The dev_key.key file started with -----BEGIN EC PRIVATE KEY----- which is an Elliptic Curve private key; I used openssl to verify this with:

openssl ec -in dev_key.key -text -noout

And the two .crt files started with -----BEGIN CERTIFICATE----- which I also verified using openssl with:

openssl x509 -in ./SmartDevice-root-ca.crt -text -noout
openssl x509 -in ./SmartDevice-signer-ca.crt -text -noout

Having the certificates and device key stored on the device strongly indicates they are used to encrypt the UDP network packet data.

Initial Static Analysis

Now we've taken a look at the storage, it's time to look at the application which runs on the device.

We know it's running the factory partition, so I opened the part.3.factory file in the Ghidra CodeBrowser. Ghidra is a free and open-source suite of reverse engineering tools from the NSA; it's an alternative to the paid IDA Pro.

This file we're opening is the partition image direct from the flash; it's comprised of multiple segments of data, each getting mapped to different virtual memory regions on the ESP32. For example, data at offset 0x17CC4 in the partition image is actually mapped to 0x40080ce0 in the device's virtual memory, so although this file contains all of the application logic and data, Ghidra won't understand how to resolve any absolute memory references, at least for now. There will be more on this later!

The ESP32 microprocessor uses the Xtensa instruction set, and Ghidra has recently added support for this! When loading the image, you can select the language Tensilica Xtensa 32-bit little-endian.
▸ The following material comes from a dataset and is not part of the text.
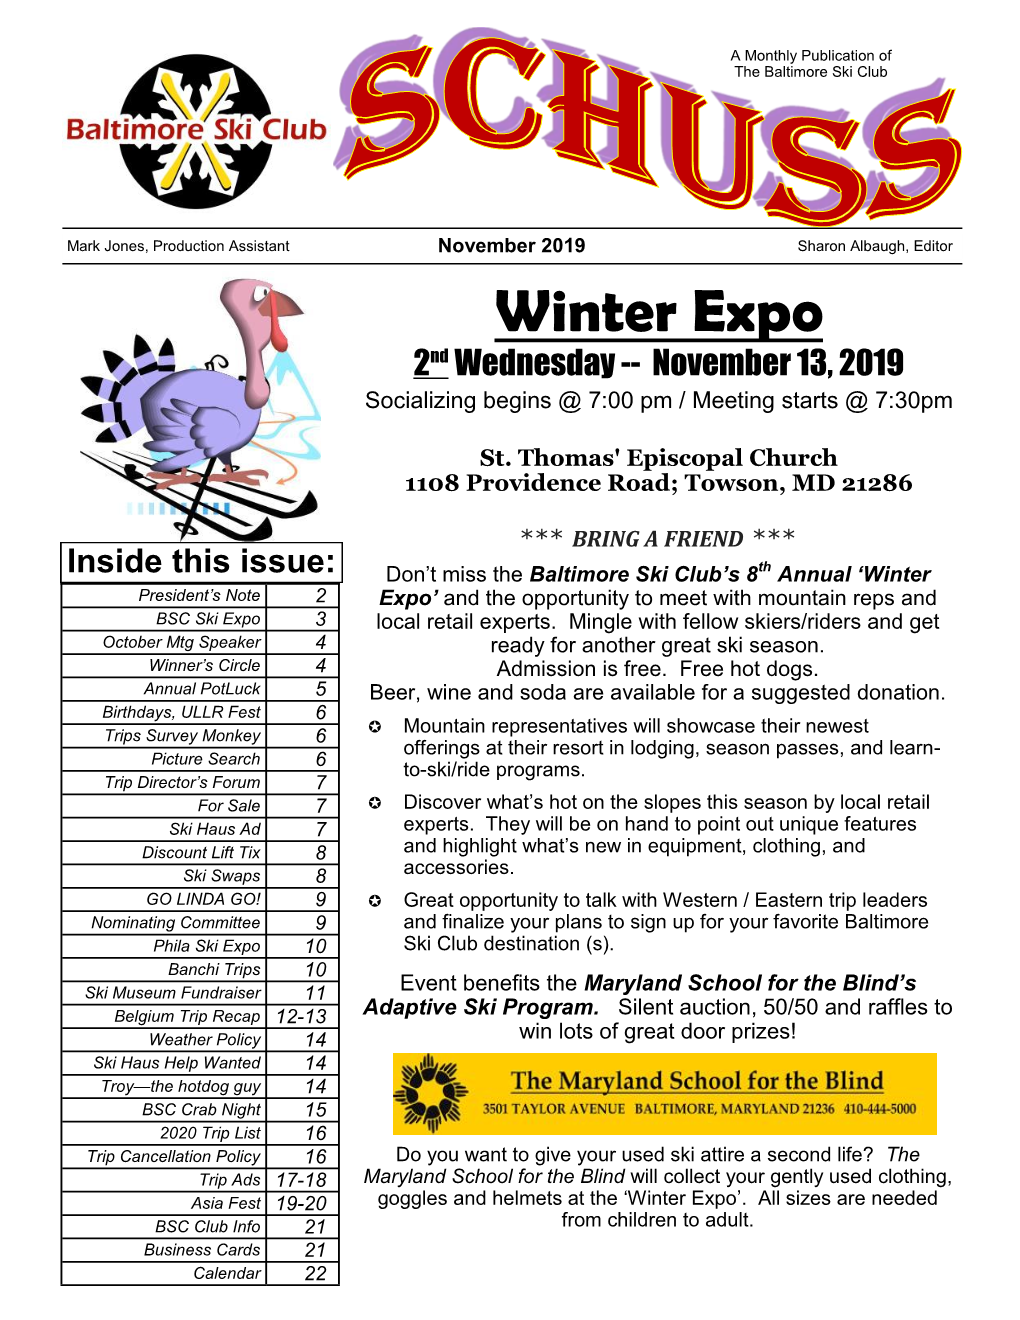 Winter Expo 2Nd Wednesday -- November 13, 2019 Socializing Begins @ 7:00 Pm / Meeting Starts @ 7:30Pm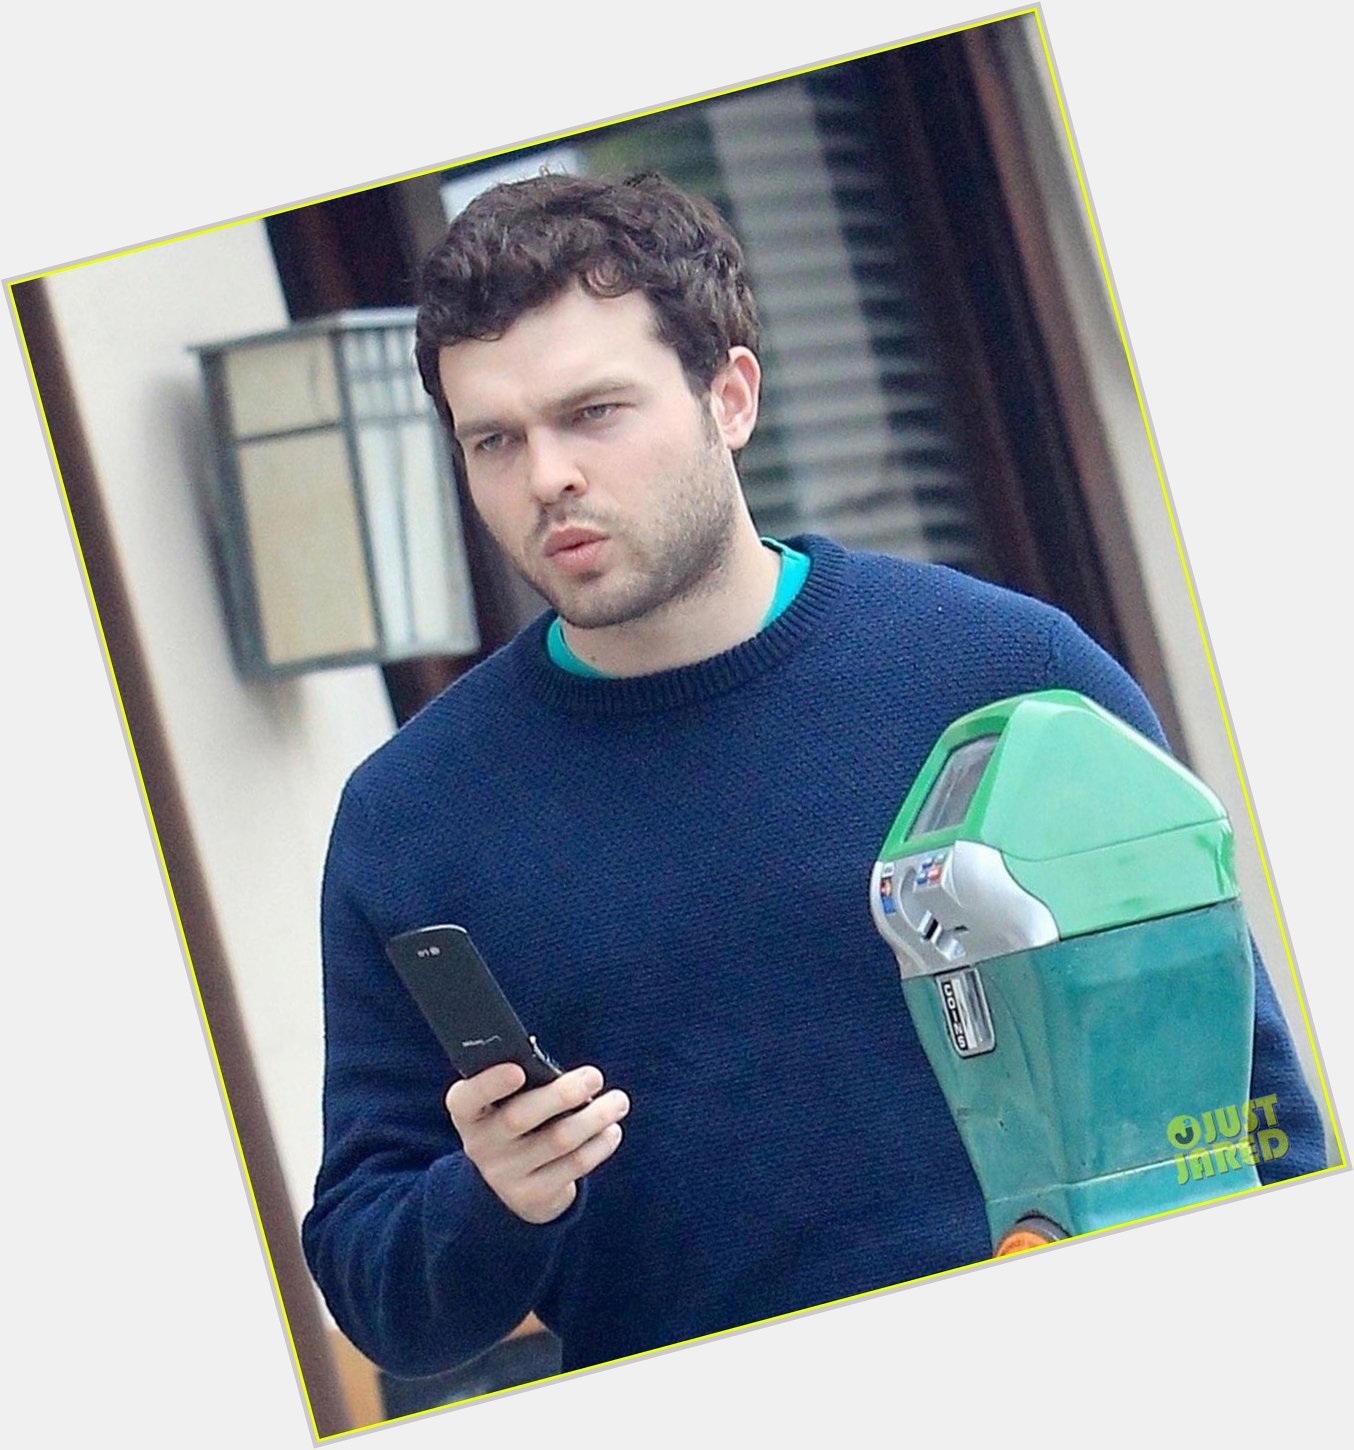 Happy Birthday to the man who run this account from his flip phone, Alden Ehrenreich!!! See him messageing below

We can run the auto analysis; although it won't give us great results just yet, we can still look at any defined strings it is able to find.

String Theory

Text strings in a compiled application are a fast-track way of locating and understanding logic when reverse engineering; they can reveal a lot about the application.

Because this compiled file only contains bytecode instructions for the processor, there are no function names, data types, or parameters. It can initially seem like a giant blob of nonsense, but as soon as you a string reference like Failed to read wifi config file, you can start to piece together what the logic is doing. Reverse engineering compiled applications can be difficult, but it is certainly a rewarding challenge.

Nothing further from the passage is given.